Er zijn verschillende verklaringen aangedragen voor de anomalie van laag risico. Om hiervan te profiteren, zou een risicotolerante belegger geld moeten lenen om te beleggen in een leveraged portfolio van saaie aandelen. Het is mogelijk dat niet alle beleggers met deze tolerantie bereid zijn het risico van een faillissement te lopen dat hiermee gepaard gaat. (Sommige institutionele beleggers worden door hun toezichthouders beperkt in hun mogelijkheden om hun beleggingen te financieren, of zelfs verboden.) Een andere mogelijke verklaring is gebaseerd op het idee dat risicovollere aandelen ook meer opwaarts potentieel hebben. De risico-rendementsverhouding is misschien zwak, maar ze hebben een "loterij"-aspect, omdat ze in een gunstig scenario veel hogere rendementen kunnen opleveren, zelfs als dat scenario zeer onwaarschijnlijk is. Er zullen beleggers zijn die een voorkeur hebben voor dit type belegging.
Maar ons onderzoek ondersteunt een andere verklaring. Deze is gebaseerd op het idee dat professionele beleggers doorgaans worden beloond voor het verslaan van de markt in termen van rendement, niet in termen van risicogecorrigeerd rendement (zoals het hoort). Ze hebben ook een prikkel om kapitaal aan te trekken voor de beheerde fondsen. Een effectieve manier om dit te doen is door risicovolle aandelen te kopen in afwachting van een goed marktjaar. Dit is wanneer risicovolle aandelen het beste presteren en beleggers tegelijkertijd meer kapitaal in de fondsen steken. Dit creëert een dubbele prikkel voor institutionele beleggers om de voorkeur te geven aan risicovolle aandelen, ondanks de lage rendementen van die aandelen gezien hun risiconiveau.
In ons onderzoek ontdekten we dat beleggen in saaie aandelen het beste werkt in periodes met lagere volatiliteit ("saai"). Dit bevestigt de theorie van vertekende prikkels onder fondsbeheerders. In onze tests bevestigden we dat deze beheerders de neiging hebben om de voorkeur te geven aan risicovolle aandelen. Ze verkleinen hun posities ook aanzienlijk wanneer de volatiliteit stijgt om hun risico ten opzichte van de markt te beheersen.

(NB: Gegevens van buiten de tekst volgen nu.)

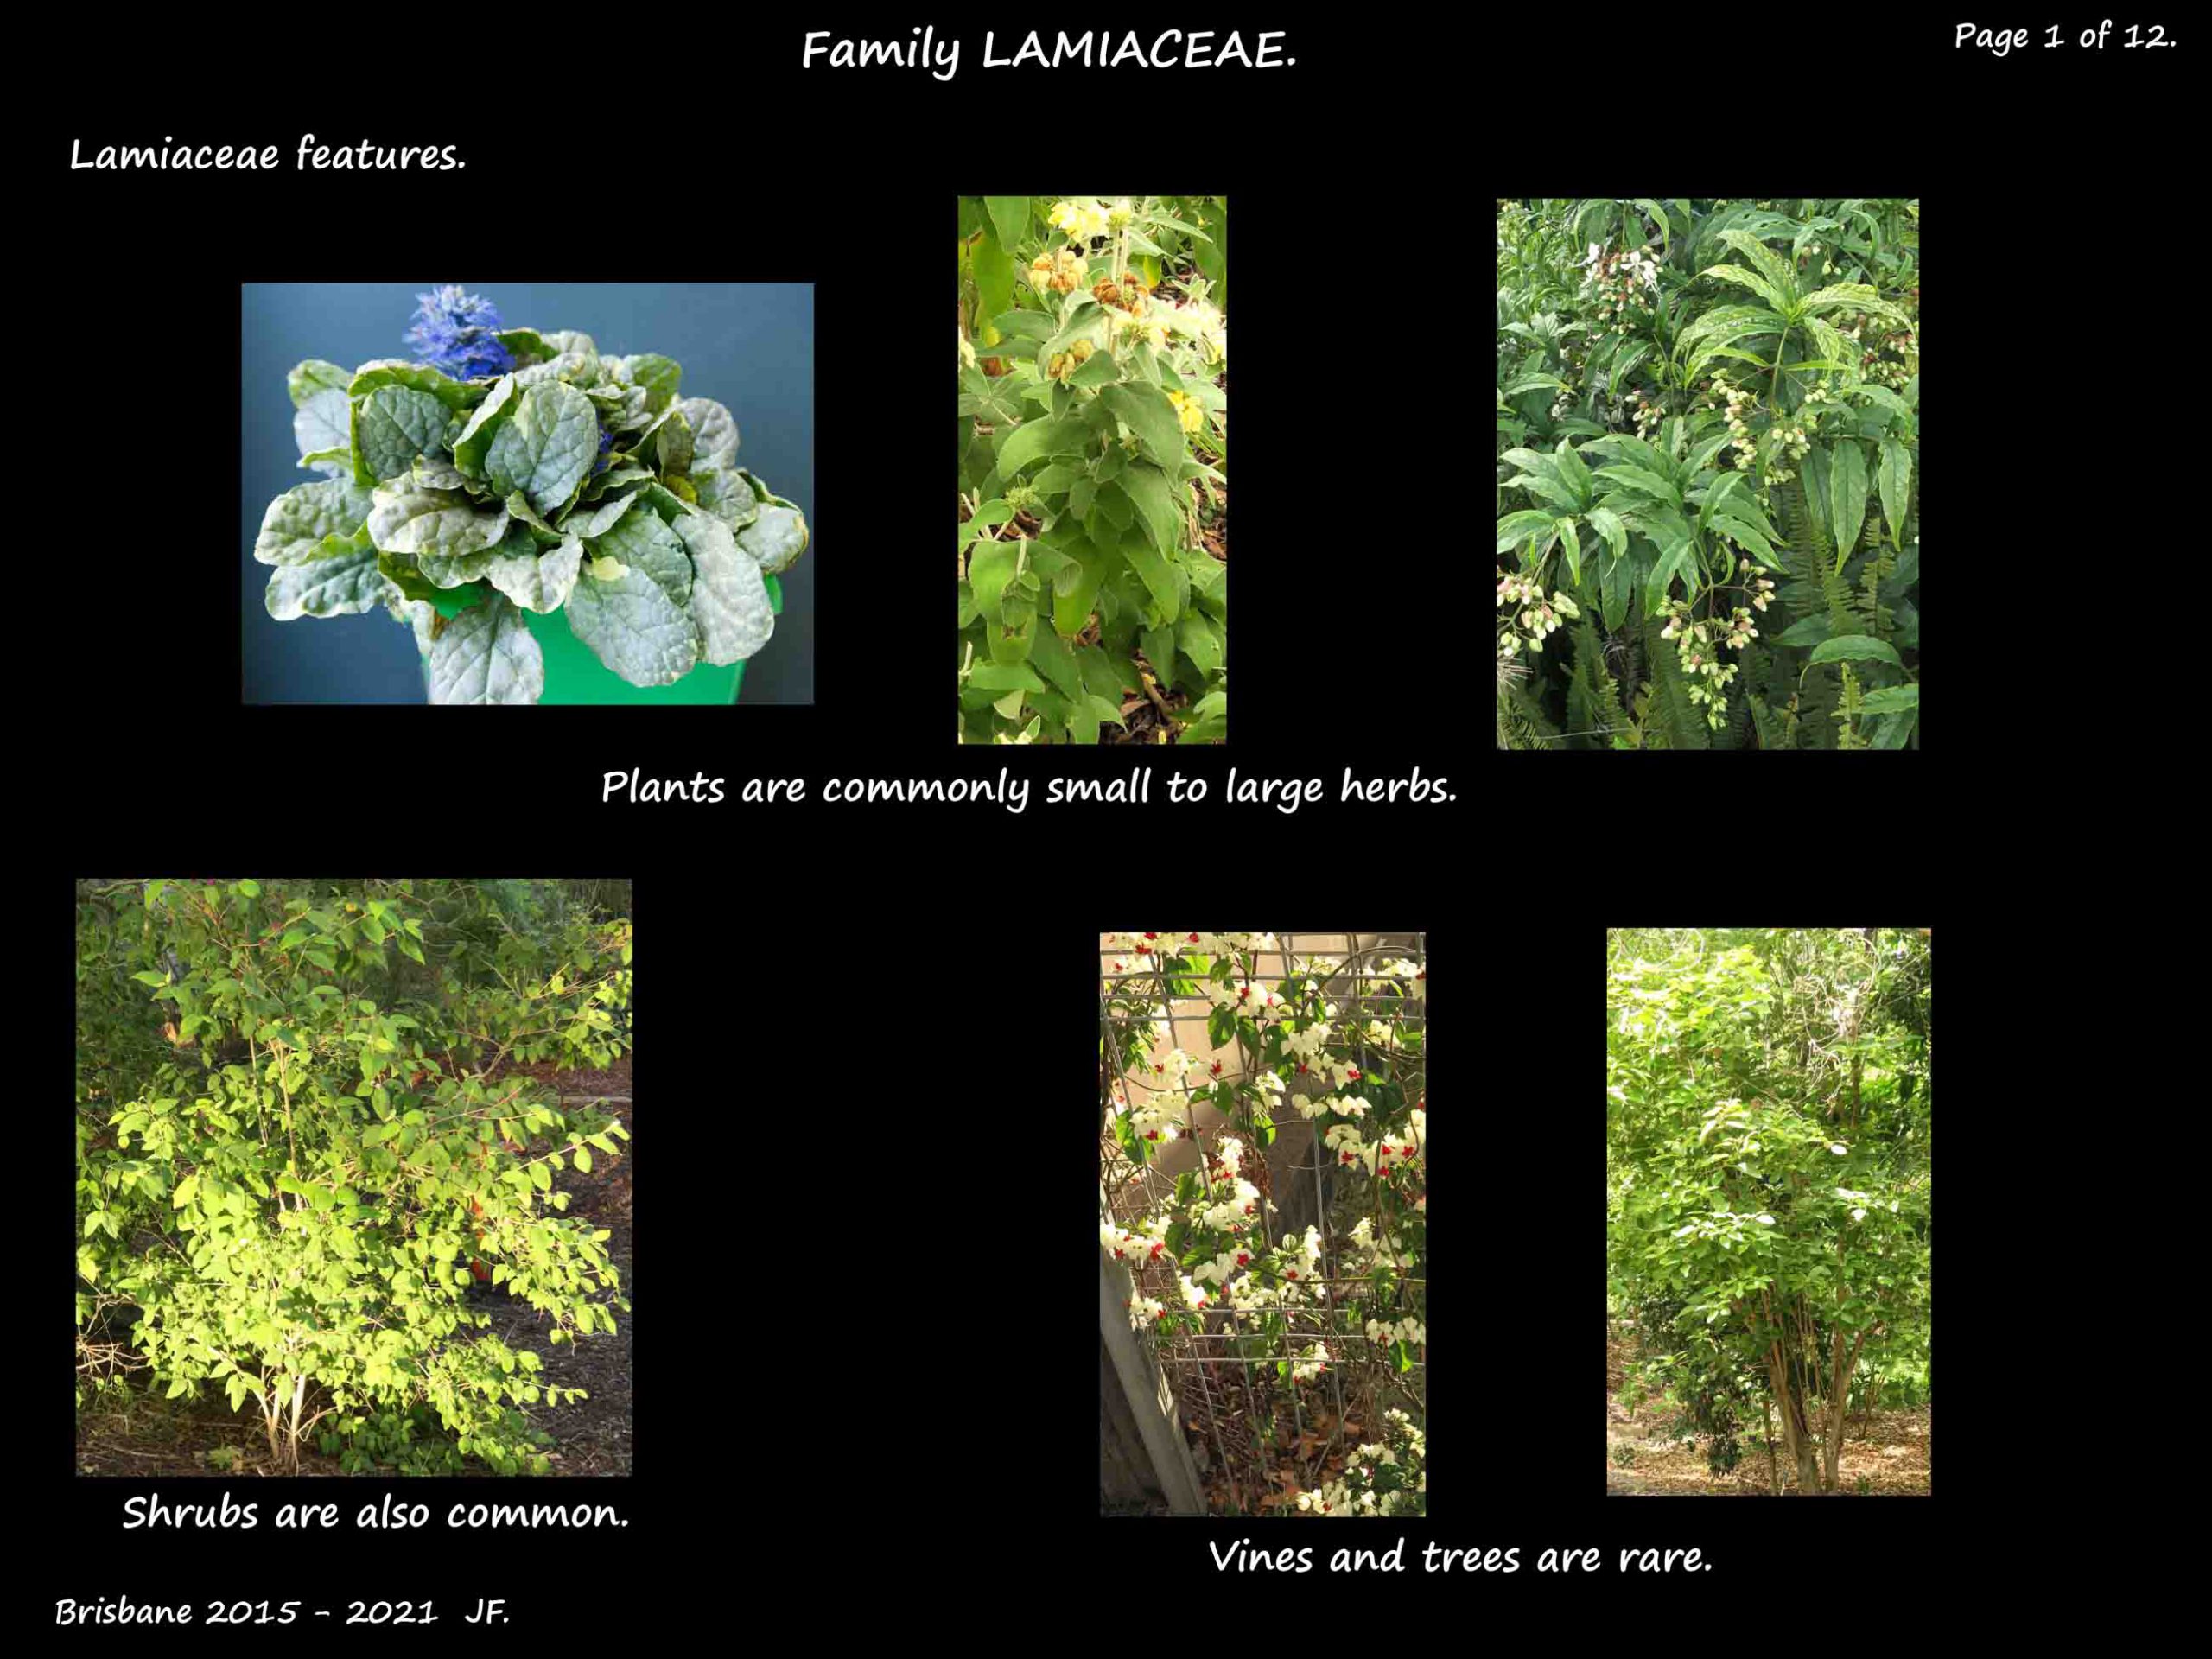 1 Lamiaceae plants
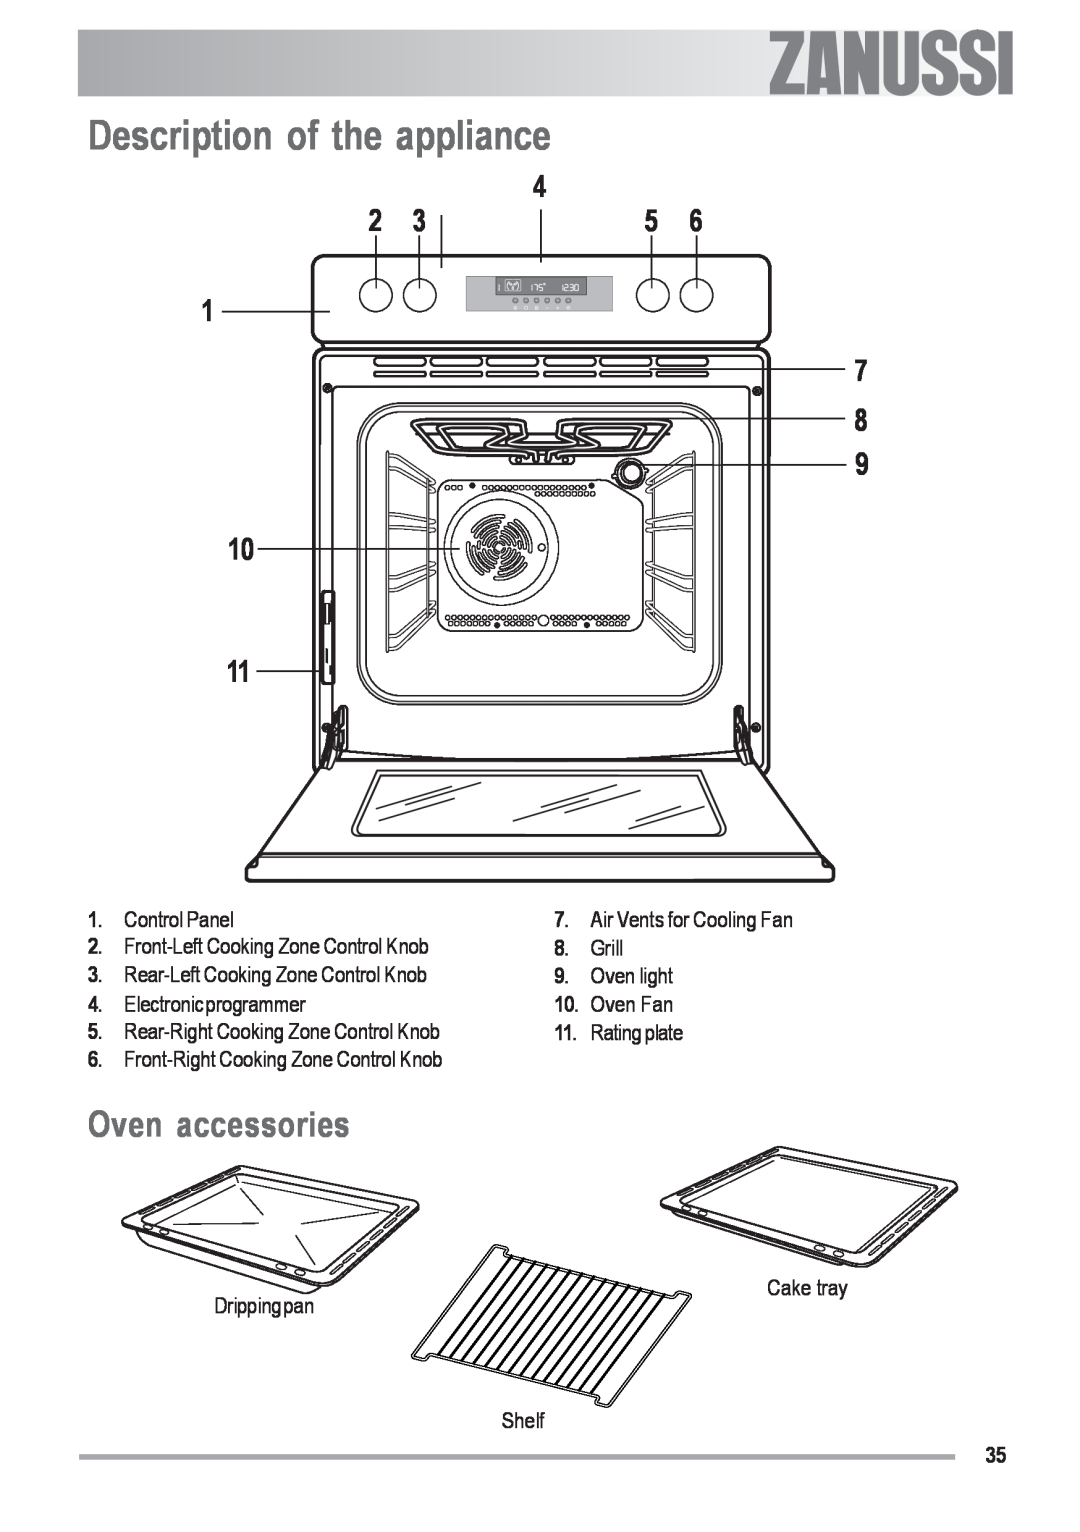 Zanussi ZOU 592 user manual Description of the appliance, Oven accessories

Aan de andere kant nemen ze veel meer risico wanneer de volatiliteit daalt en verkopen ze saaie aandelen juist wanneer ze een aantrekkelijker profiel krijgen. Met andere woorden, we observeerden rationeel gedrag bij deze professionals, maar met gebrekkige prikkels.
Ons onderzoek suggereert dat sommige vermogensbeheerders hun beloningssystemen zouden moeten heroverwegen. Maar dit is niet vanzelfsprekend, aangezien dit rationele reacties zijn op het gedrag van individuele beleggers in hun fondsen. Aan de andere kant kunnen beleggers die de efficiëntie van hun portefeuille willen verbeteren, er baat bij hebben om meer aandacht te besteden aan deze verwaarloosde eigenschap van saaie aandelen in saaie tijden. Dan winnen ze, net als de schildpad in de fabel.